Map of the Day: "New England" from The General Historie of Virginia, New-England and the Summer Isles. Captain John Smith (1580-1631).

THE FIRST MAP OF NEW ENGLAND 
Copper-plate engraving
Dimensions: 11 7/8" x 13 7/8"

 In 1614, five years after returning to England from Virginia, Captain John Smith returned to the New World, this time to the coasts of Maine and Massachusetts Bay - the region that would come to be known, thanks to the map that he subsequently published, as "New England."

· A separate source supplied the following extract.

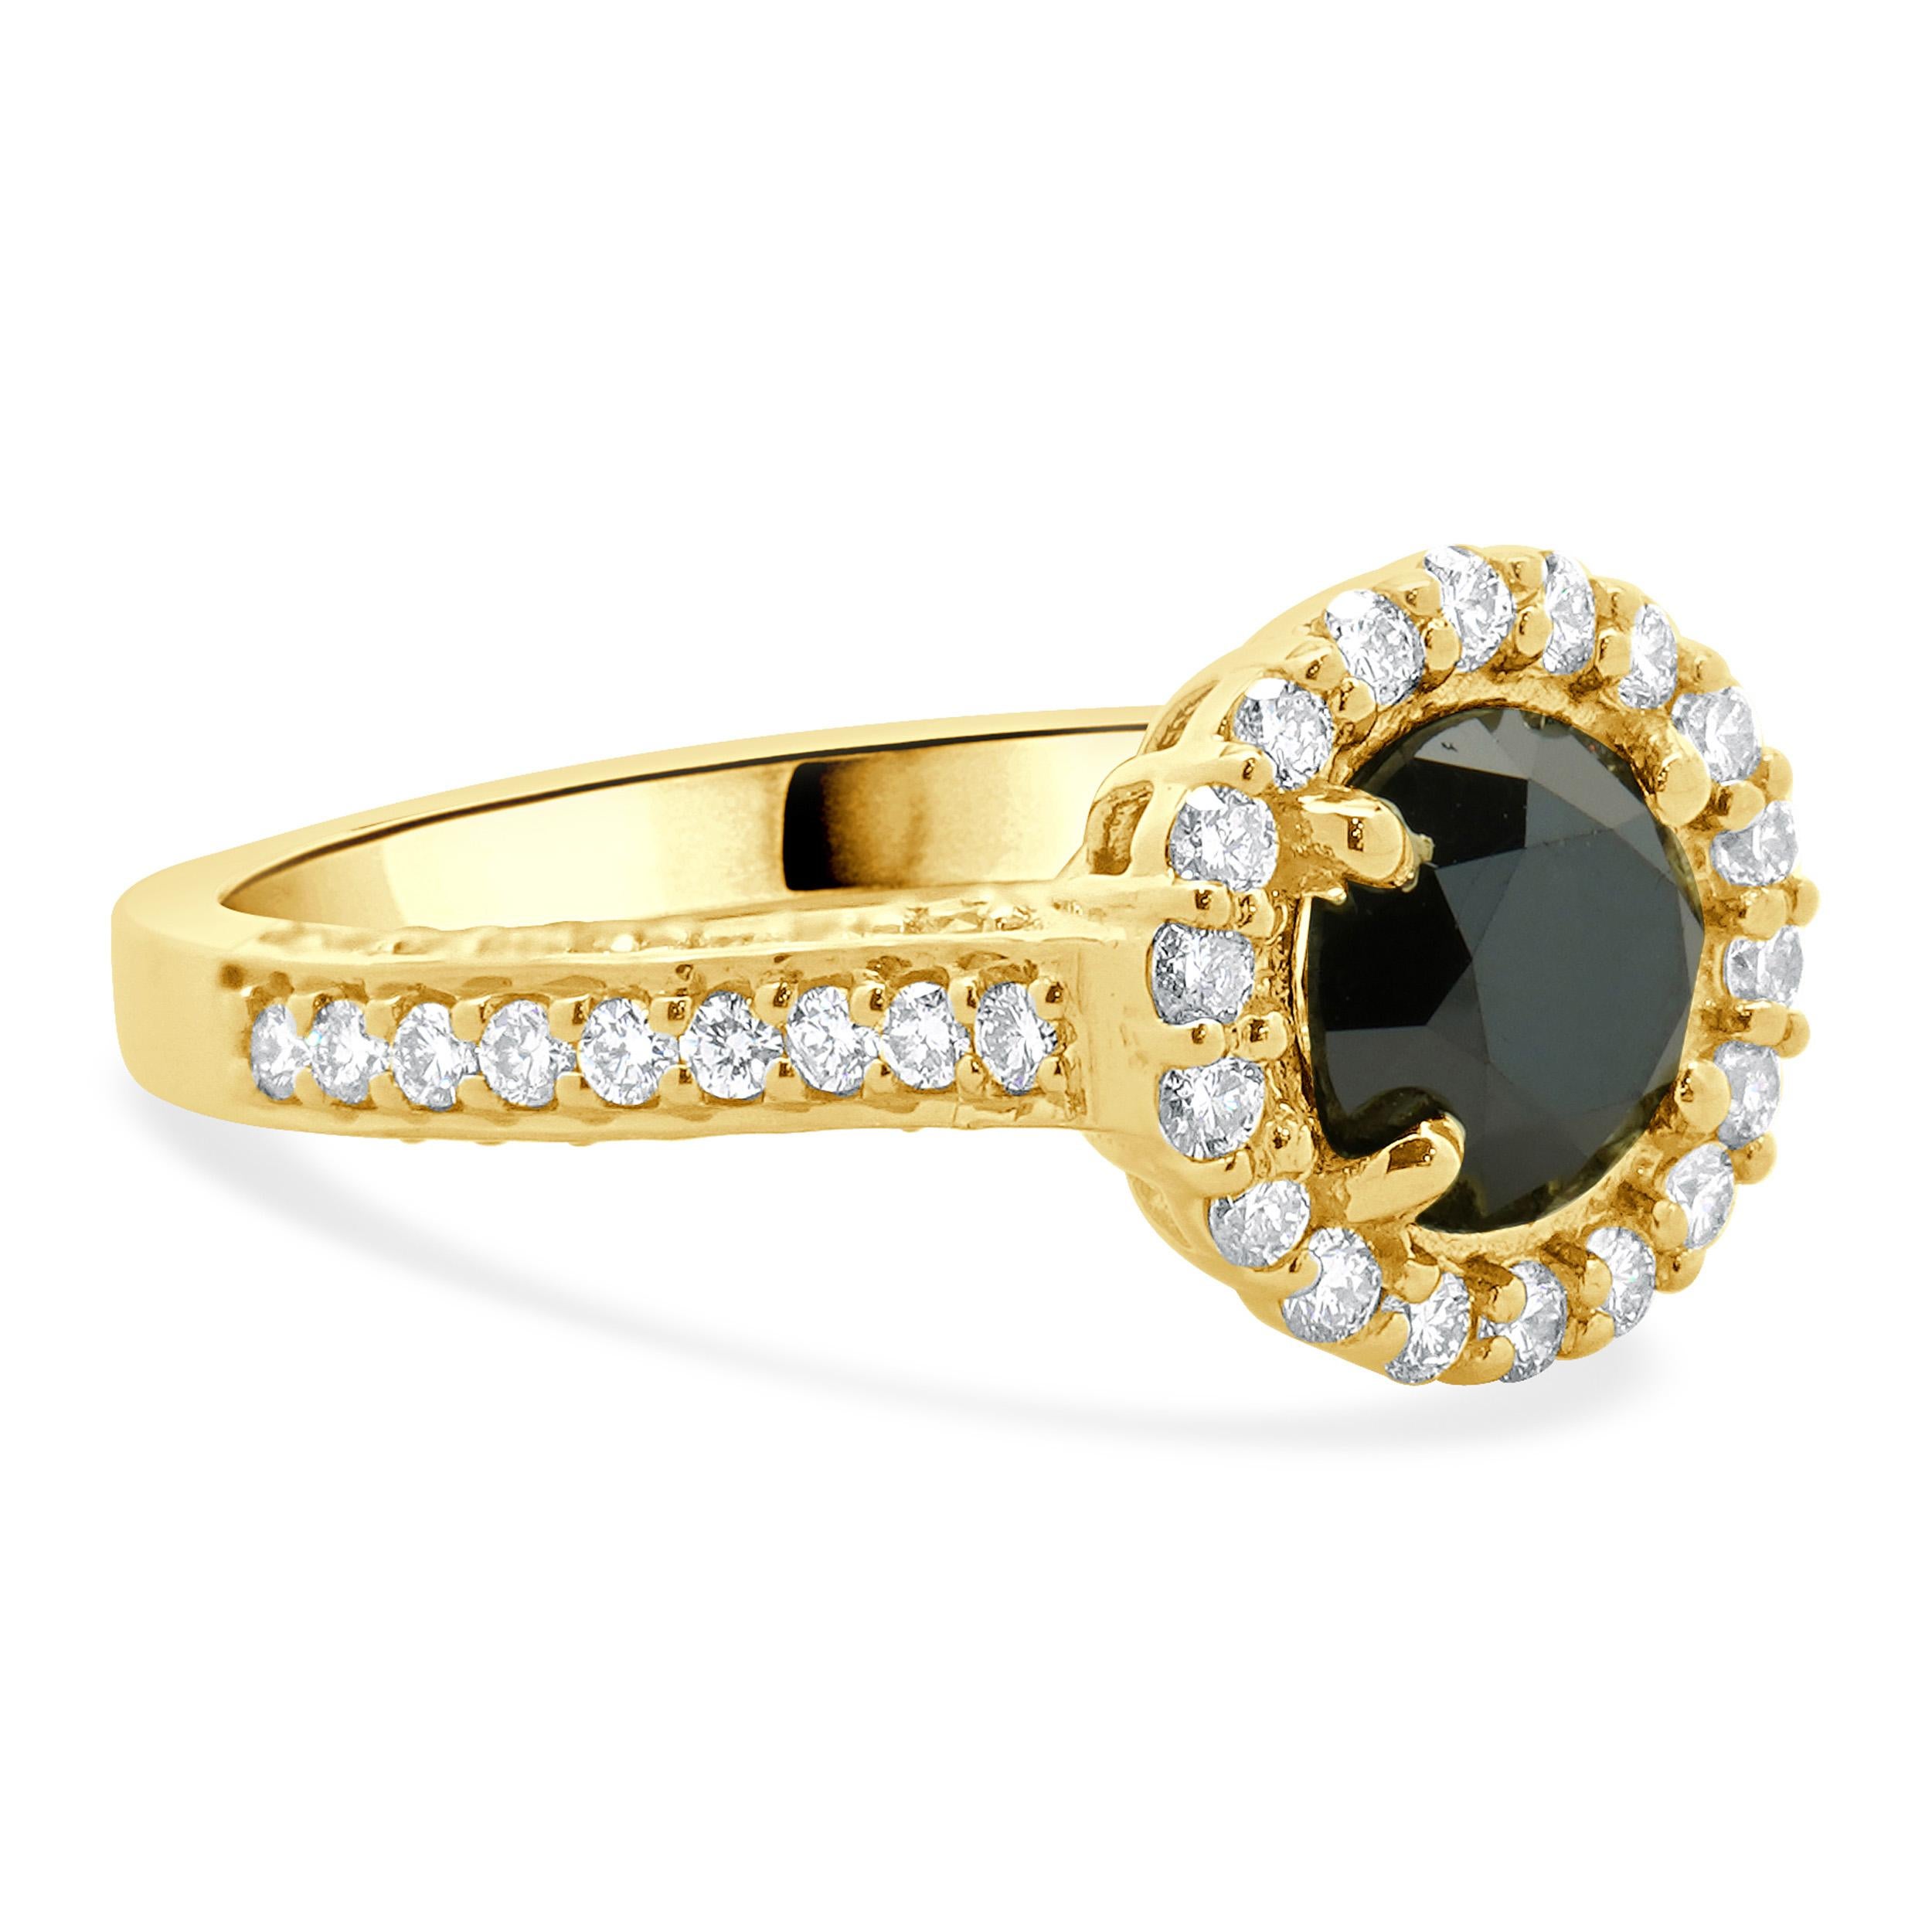 18 Karat Yellow Gold Black Round Brilliant Cut Diamond Engagement Ring In Excellent Condition For Sale In Scottsdale, AZ

This map, the result of Smith's personal explorations and field surveys, covers the area from Penobscot Bay to Cape Cod. It is the earliest map devoted to the region and the foundational work of New England cartography. Smith's second New World voyage was initiated by the invitation of four London merchants who financed two ships that sailed in March 1614 with instructions to return with a profitable cargo. Smith made the Atlantic crossing in a relatively speedy six weeks, arriving off Monhegan Island near the Kennebec estuary. By that time the waters of New England, particularly Maine, were being visited by dozens of English and French fishing vessels a year. While the crew of one of Smith's vessels concentrated on catching fish and collecting other valuable commodities, Smith continued down the coast to chart and explore, lamenting the poor quality of existing maps: "[I] had six or seven several plots of those Northern parts, so unlike each to other, and most so differing from any true proportion, or resemblance of the Country, as they did me no more good, than so much waste paper, though they cost me more."

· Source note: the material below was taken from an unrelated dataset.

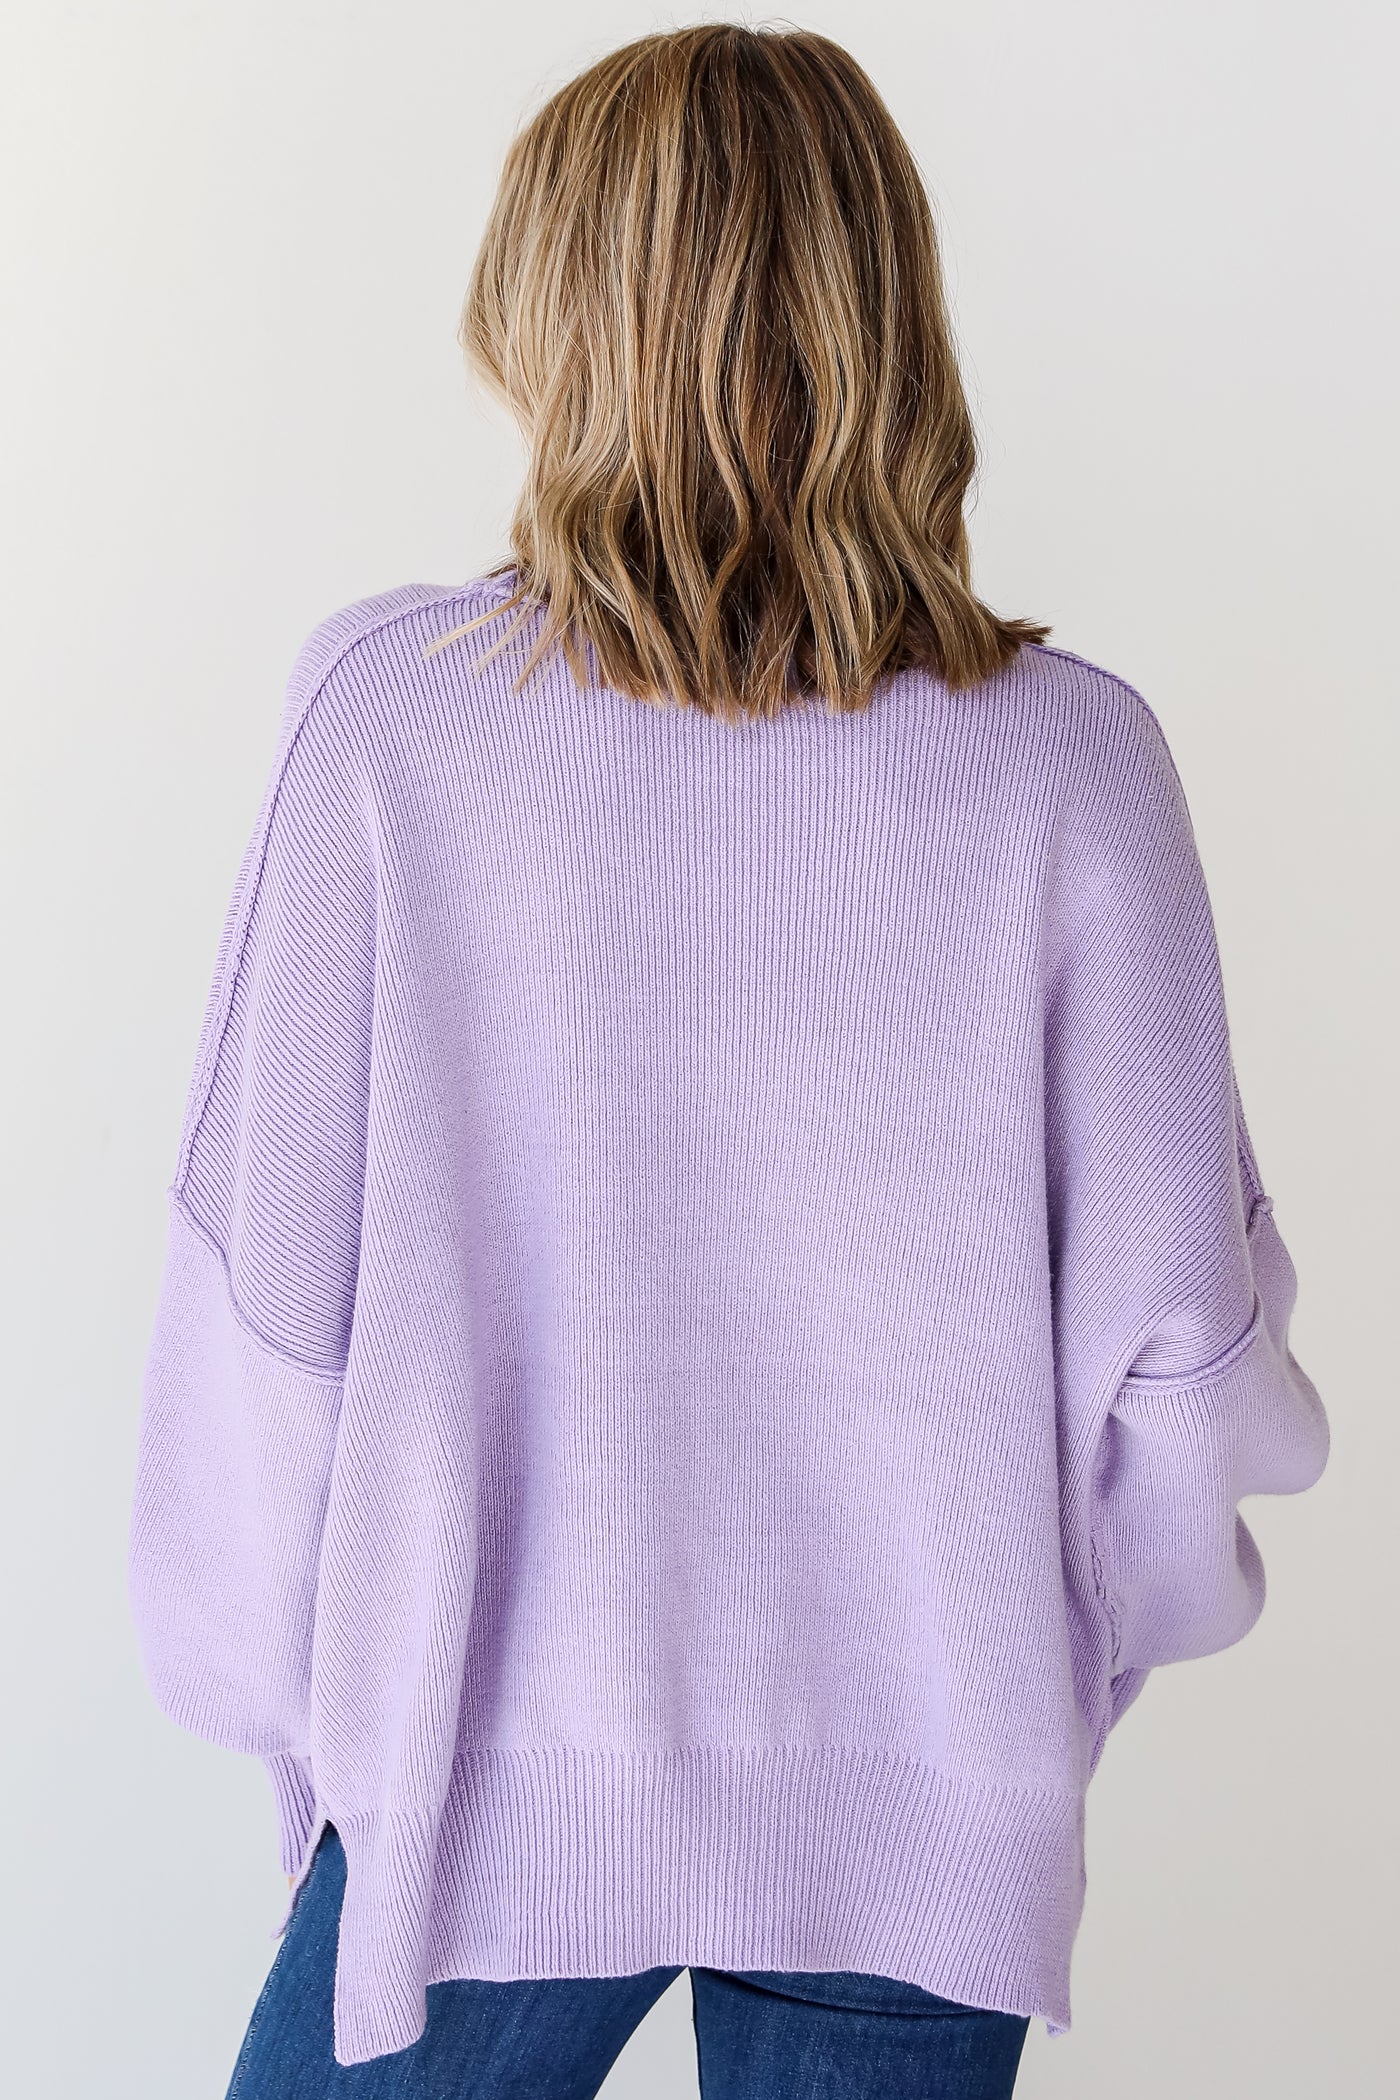 lavender oversized sweater back view

In the course of his explorations, he named Plymouth Rock, describing its location as "an excellent good harbor, good lands, and no want of anything but industrious people." (This description proved the incentive, six years later, for the Mayflower Pilgrims to relocate here from their first, unsatisfactory settlement in Holland.) In mid-July, after just six weeks, Smith returned to England, but in that remarkably short span of time he had accumulated the raw materials for this highly accurate and thorough map of the New England coastline. The map, engraved by Simon van de Passe, was published as part of Smith's Generall Historie of Virginia, New-England, and the Summer Isles, one of the most important books in the history of the colonization and settlement of America.